Abstract
This study investigates co-author and co-inventor collaborations using scientific articles and patents to measure collaborative knowledge production. This paper assesses how a scientist’s position within the joint co-publication and co-invention network affects its production and citation impact. Our findings reveal that number of publications is strongly associated with the scientists’ position in co-author/inventor networks and that a scientist’s technological production actually increases with collaboration in such networks. These academic relationships have a significant impact on the future number of publication citations and appear to benefit the number of patent citations in the same measure.
Notes
2 We extracted data originating between 1985 and 2005. Our reason for choosing that end year is that we aimed to have enough citation years after the sample’s end date, given that we were examining three periods for citations, i.e. three, five and seven years after grant year for patents.
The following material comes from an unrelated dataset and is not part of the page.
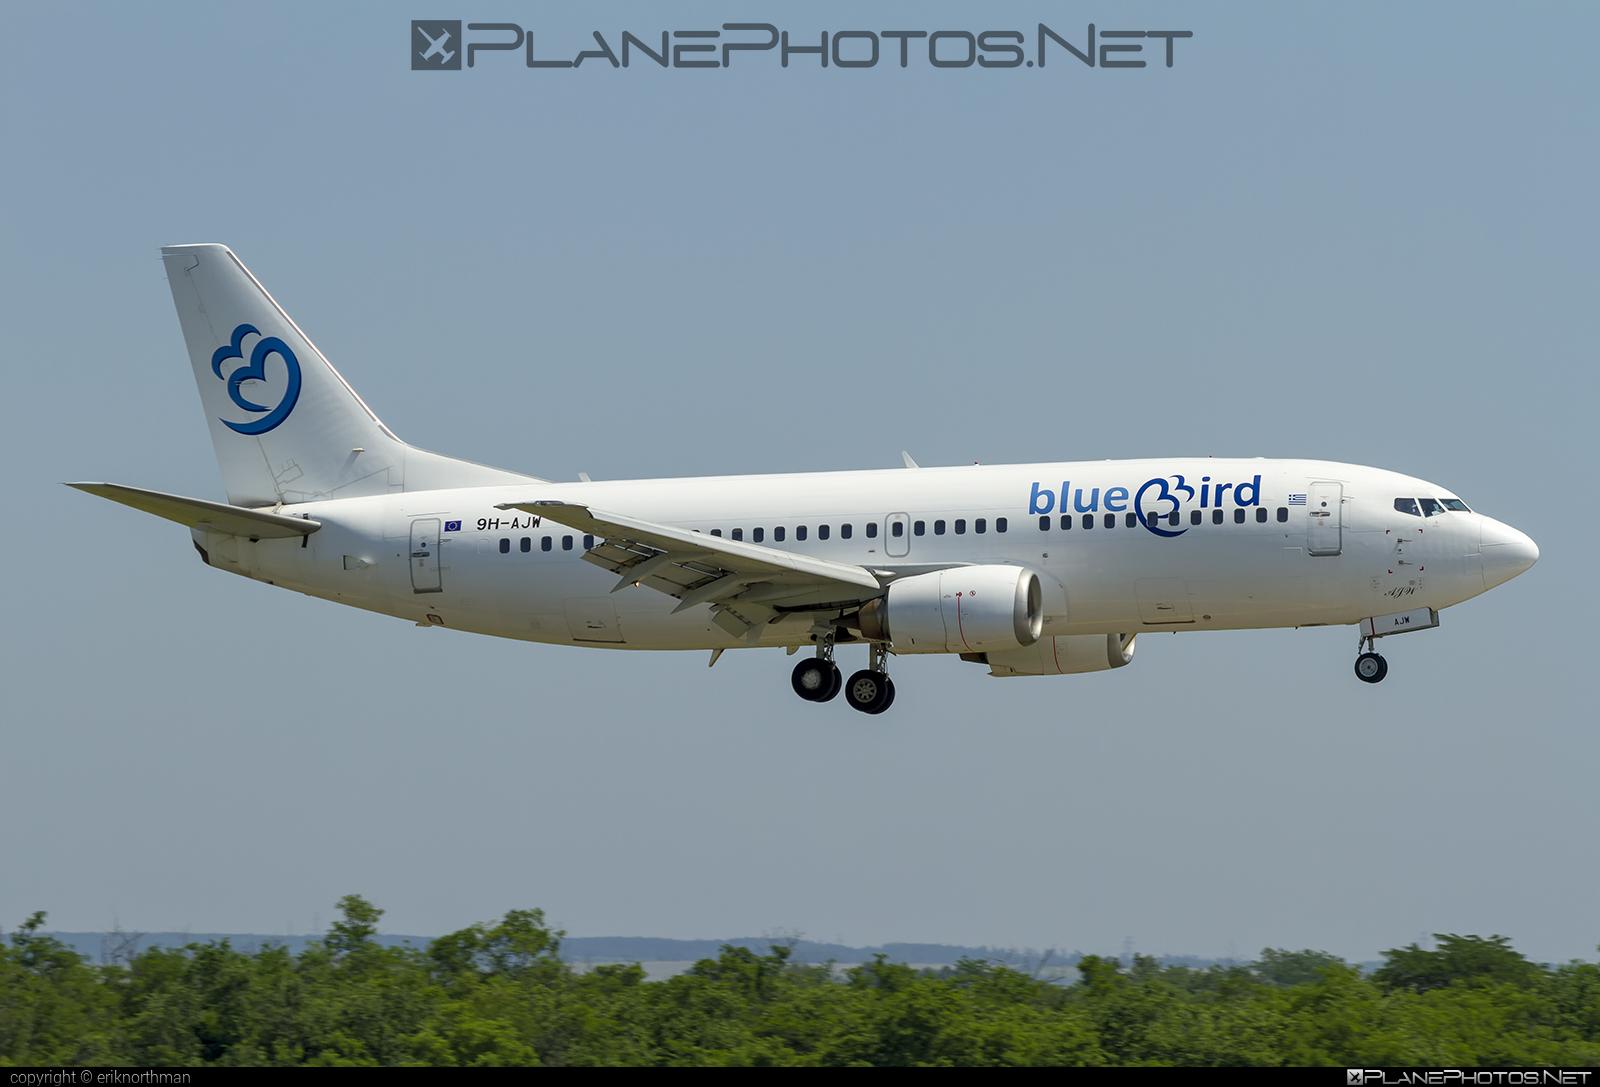 Boeing 737-300 - 9H-AJW operated by Bluebird Airways #b737 #boeing #boeing737

It is not uncommon to find patents that took five years to be granted, and then to count five years of citation periods up to 2015. We also chose 1996 as the start date of our sample because too few nanotechnology papers and patents could be found prior to that date. In addition, the Scopus database substantially changed around 1996 to include more journals.
3 According to a study of difference between these databases by Minasny et al. (Citation2013), Scopus metrics are found to be slightly higher than that of Web of Science. Yang and Meho (Citation2006) compared the citations of Scopus, Web of Science and Google Scholar and found that Google Scholar has some technical problems that users need to be aware of in order to accurately use the number of citations.
4 This database covers data from three agencies in Canada: Natural Sciences and Engineering Research Council of Canada (NSERC), Social Sciences and Humanities Research Council of Canada (SSHRC) and Canadian Institutes of Health Research (CIHR).
5 Our approach to developing a nanotechnology bibliometric search consisted of three steps: first, we created a pilot field scope to define nanotechnology search terms; second, we asked nanotechnology experts to modify, add and retain their field scope; and third, we evaluated these terms and tested them with publication and patent data.
6 We checked with five-year intervals and the results for our sample were the same.
7 We also added an ordered measure to our set of instruments for type of funding (Award), which equals 1 if a scientist receives funding through an award and 0 otherwise, but this did not yield significant results.
8 We chose the cross-section versions of these regression models to account for repeated observations as opposed to their panel versions, mainly because the average number of years for each observation is relatively small (only two years).
9 Vuong tests on zero-inflated negative binomial regressions favoured the non zero-inflated version of the regression models.
10 We also added the number of co-inventors, but this variable was never significant.
11 We first started with two distinct networks, but following the suggestion of a referee, we joined them because they were not independent of each other.
12 The linear effects are all positive and significant. These results are available from the authors upon request.
13 Although they do not appear to be strongly correlated, both Age and AvgFunding interact with each other, since older scientists generally raise more funding, but that relationship is non-linear. Therefore, both variables were introduced in distinct regressions to avoid their interaction. We formally tested various forms of interaction/moderating effects but none were robust enough to be included in the analysis. More research is required in this regard, but that is beyond the scope of this paper.